03.06.2014

Grundsteuer B: Abgaben für Hausbesitzer und Mieter bleiben auf hohem Niveau

Westfalen (wh). Die Grundsteuer B, die für Grundstücke und Gebäude erhoben wird, stagniert in den meisten westfälischen Städten auf hohem Niveau, zeigt eine Untersuchung des Bundes der Steuerzahler (BdSt).

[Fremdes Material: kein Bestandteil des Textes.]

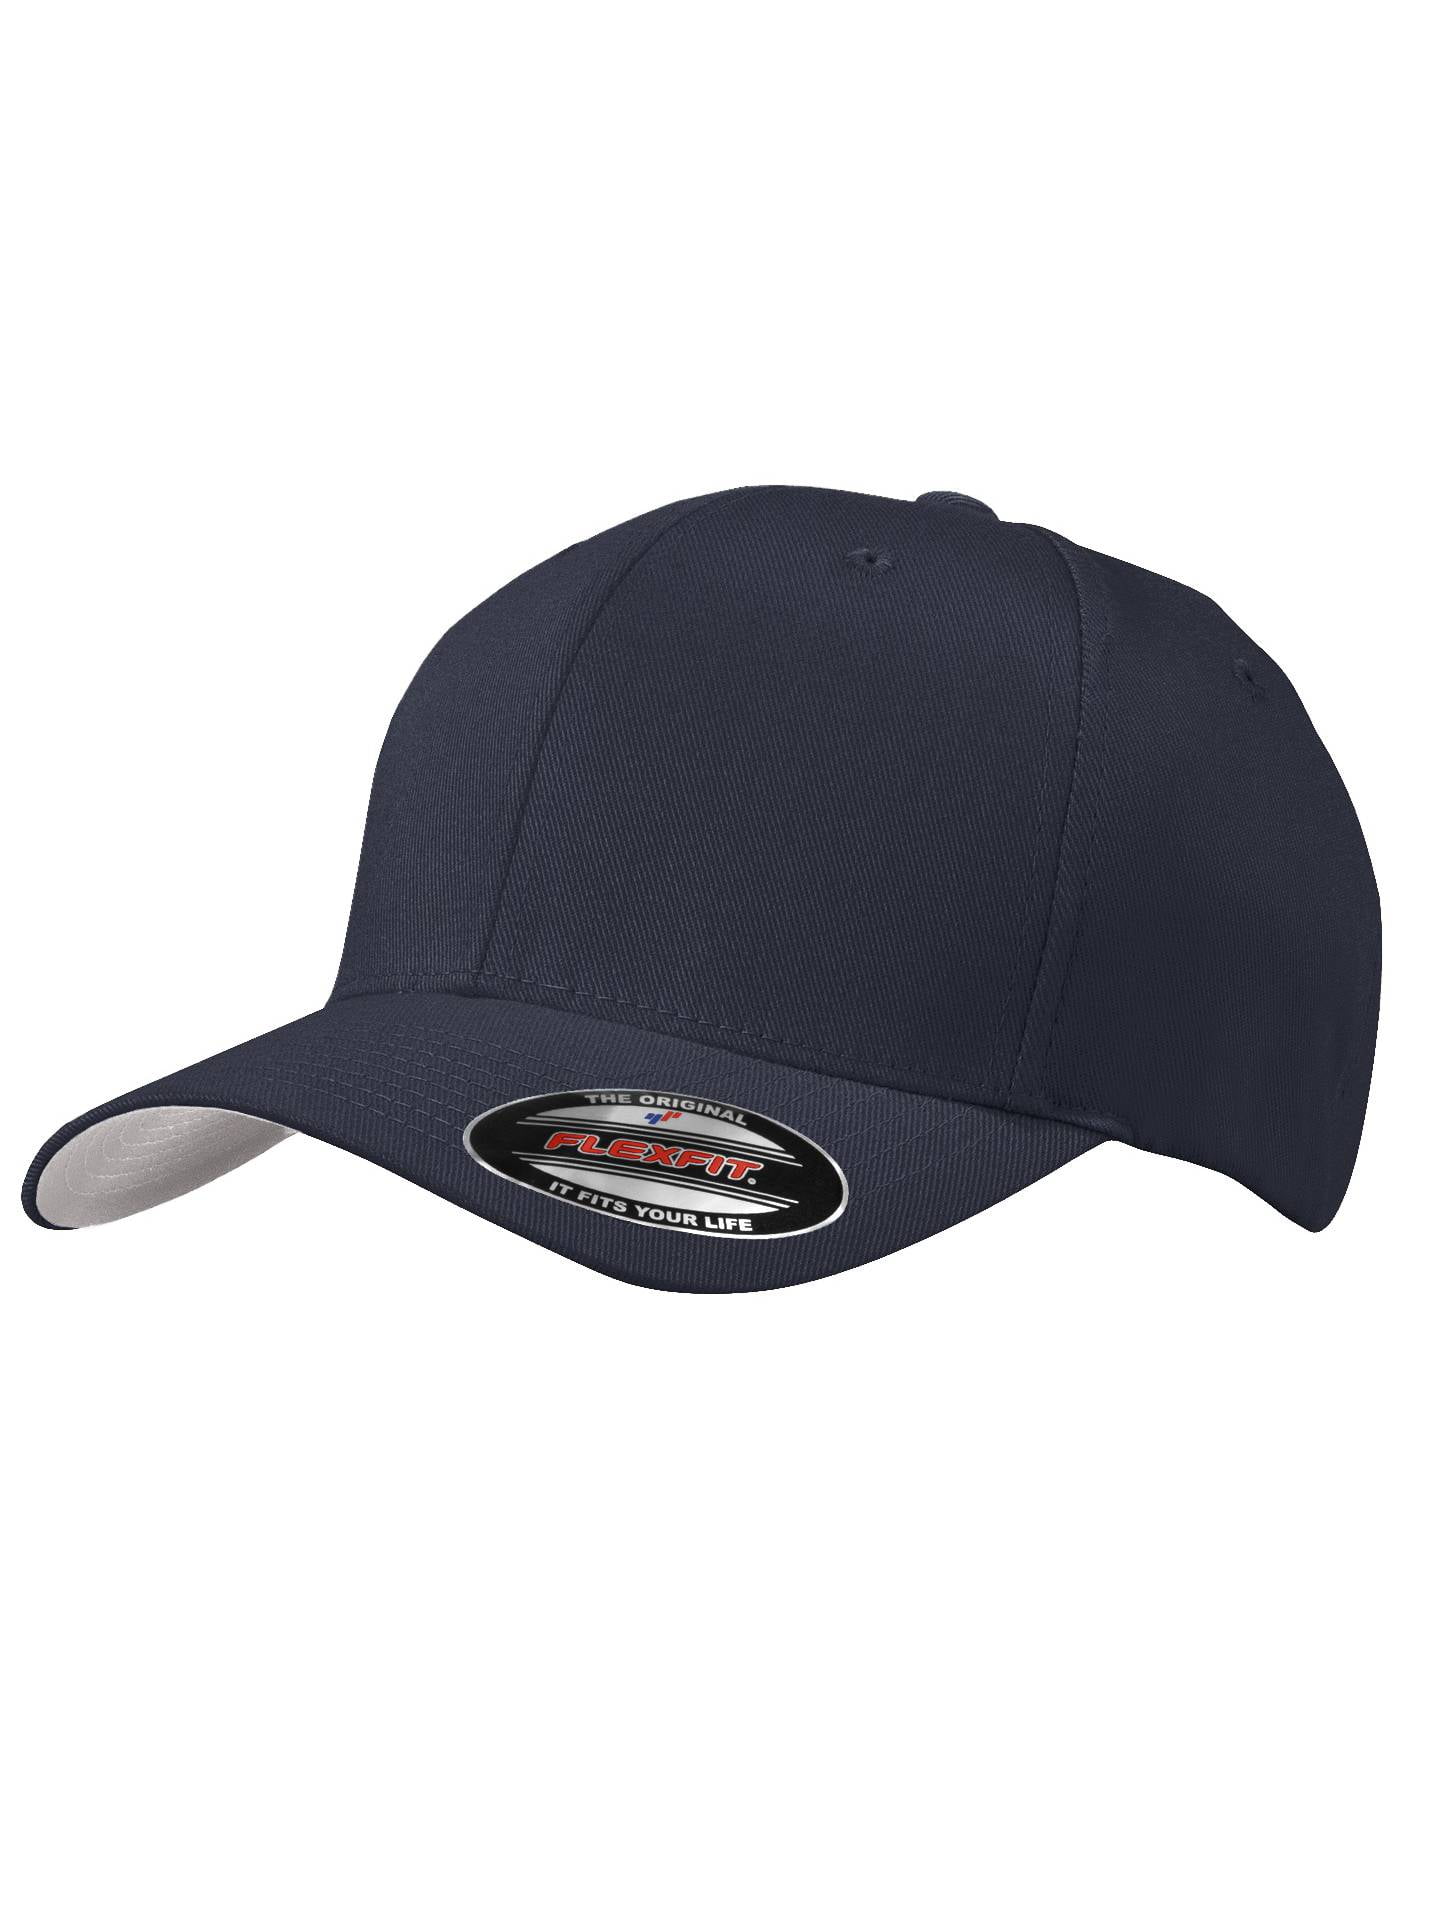 Top Headwear Flex Fit Baseball Cap - Olive Drab/Green - Small/Medium

Mit einem Hebesatz von 750 Prozentpunkten bleibt Hagen im Jahr 2014 der negative Spitzenreiter unter den kreisfreien Städten in Nordrhein-Westfalen.

Auch die Steuersätze in Bochum (605) und Bottrop (590) liegen deutlich über dem Durchschnittswert der kreisfreien Städte in Westfalen (567) bzw. in NRW (562). Zwar hat sich hier seit dem vergangenen Jahr nichts verändert, verglichen mit dem Jahr 2000 müssen Hausbesitzer und Mieter jedoch Erhöhungen von bis zu 52 Prozent, wie in Hagen, verkraften.

"Die Grundsteuer B ist eine Volkssteuer, die jeden trifft " und das unabhängig von seinen finanziellen Möglichkeiten", kritisiert der BdSt-Vorsitzender Heinz Wirz die Entwicklung.